*** Opening The data ***
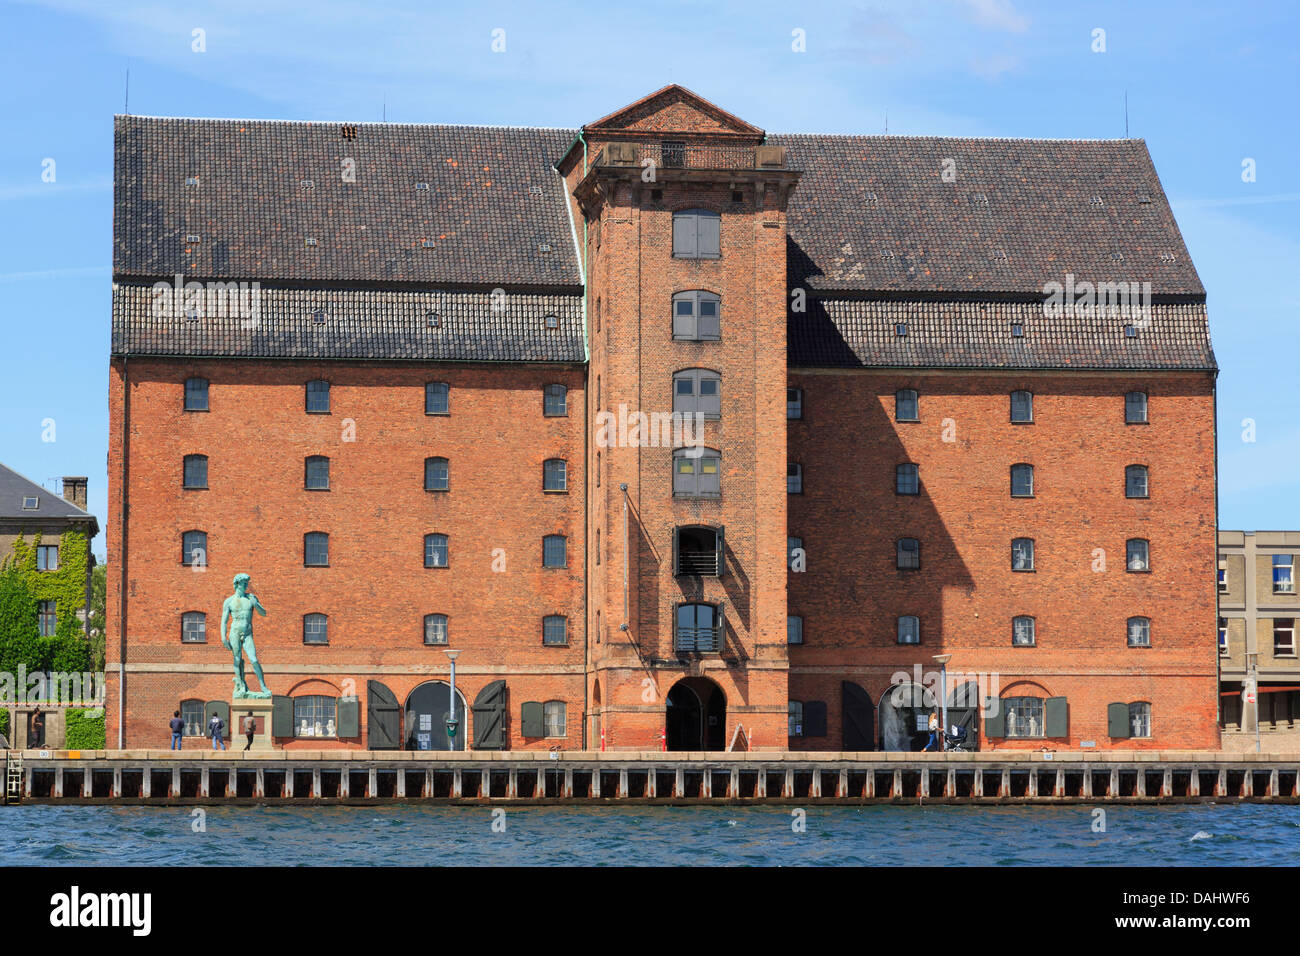 En s'appuyant sur la collection Royal Harbour waterfront est une succursale de Statens Museum for Kunst de Copenhague, Danemark, Nouvelle-Zélande Banque D'Images
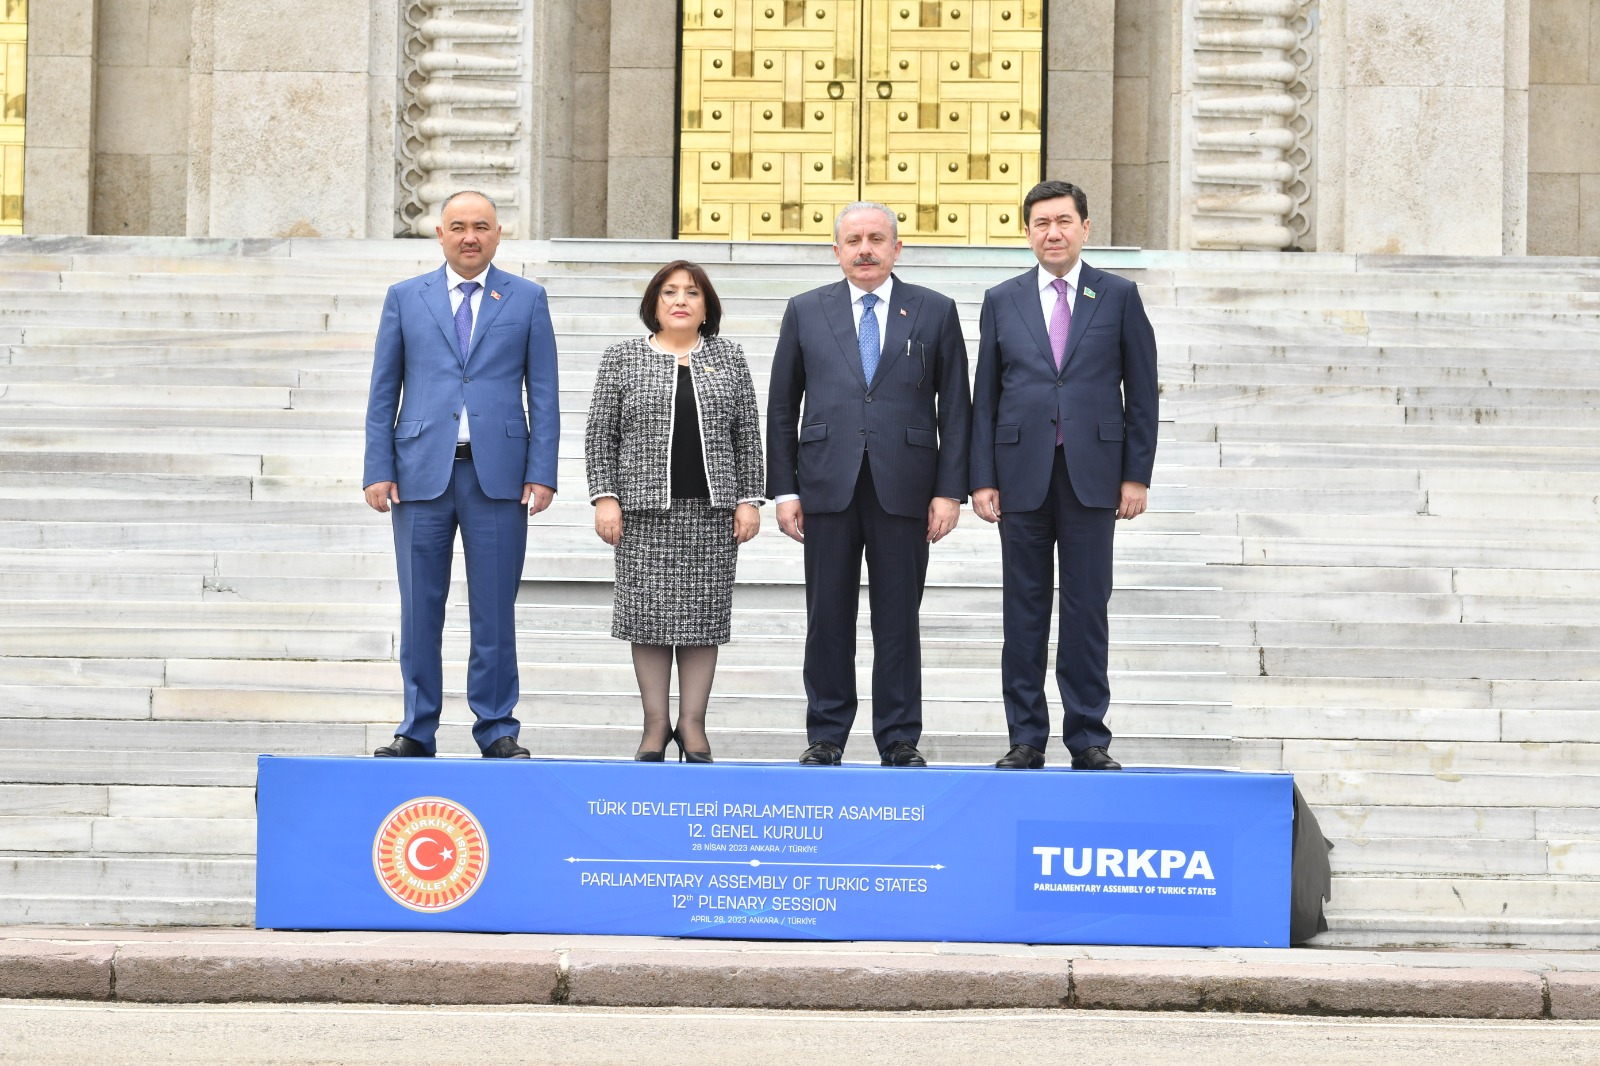 Председатель Мажилиса призвал укреплять дружбу между тюркскими народами через парламентскую дипломатию
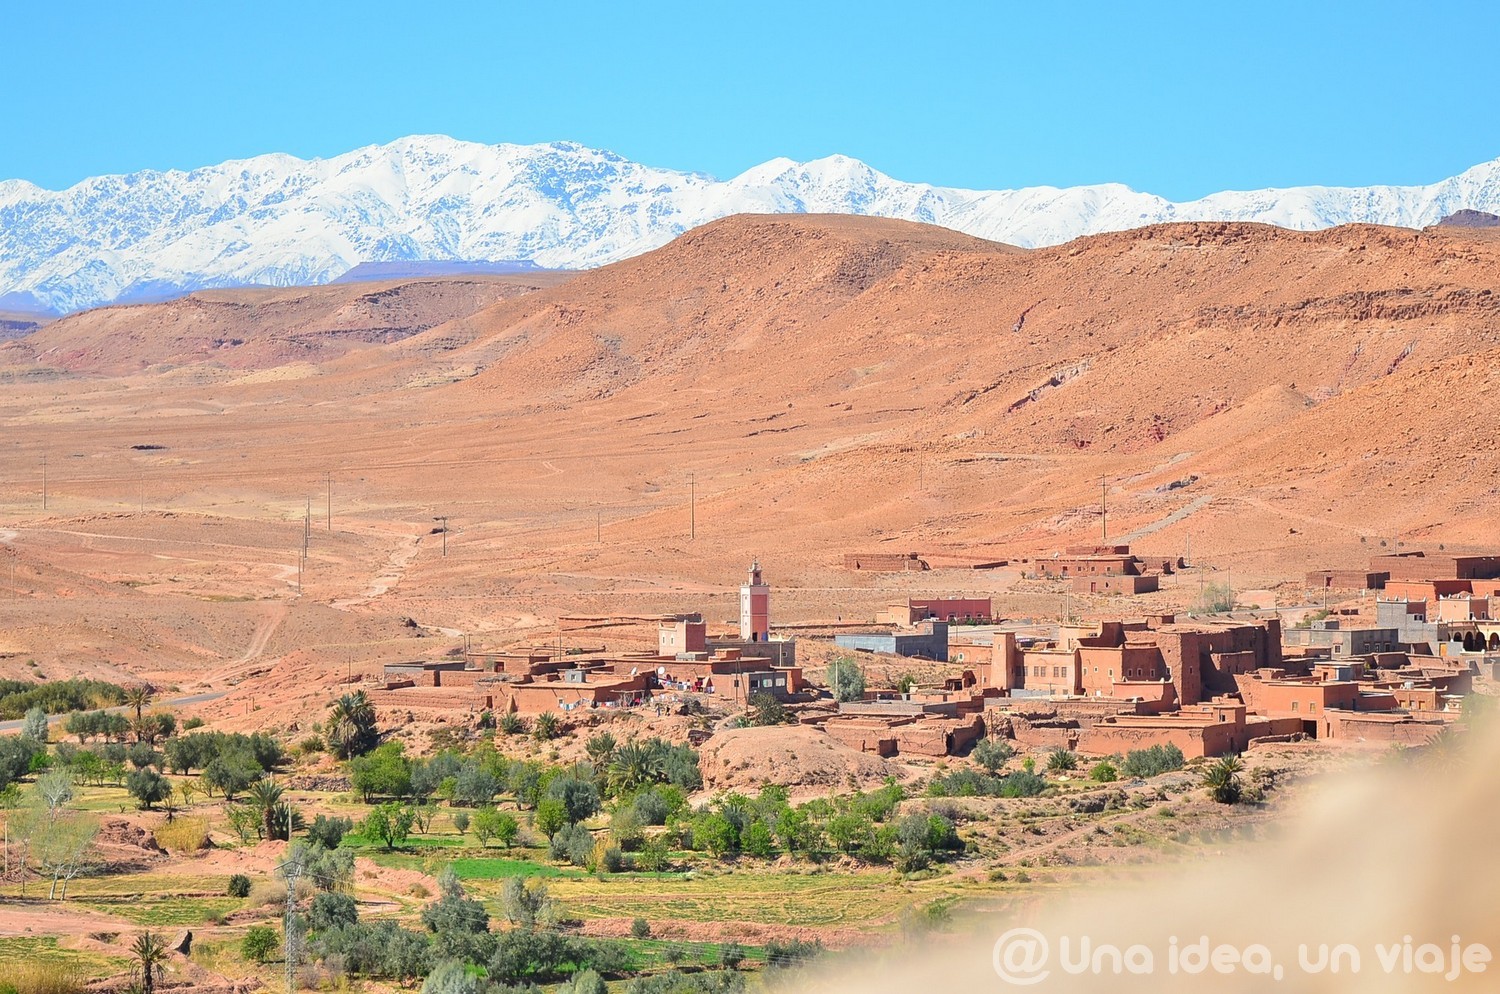 marrakech-marruecos-excursion-ruta-desierto-sahara-unaideaunviaje-09
*** Closing The data ***
# Requirement
None of the pictures should be carried over when the data above is transcribed exactly.

# The completed task
 En s'appuyant sur la collection Royal Harbour waterfront est une succursale de Statens Museum for Kunst de Copenhague, Danemark, Nouvelle-Zélande Banque D'Images
 Председатель Мажилиса призвал укреплять дружбу между тюркскими народами через парламентскую дипломатию
 marrakech-marruecos-excursion-ruta-desierto-sahara-unaideaunviaje-09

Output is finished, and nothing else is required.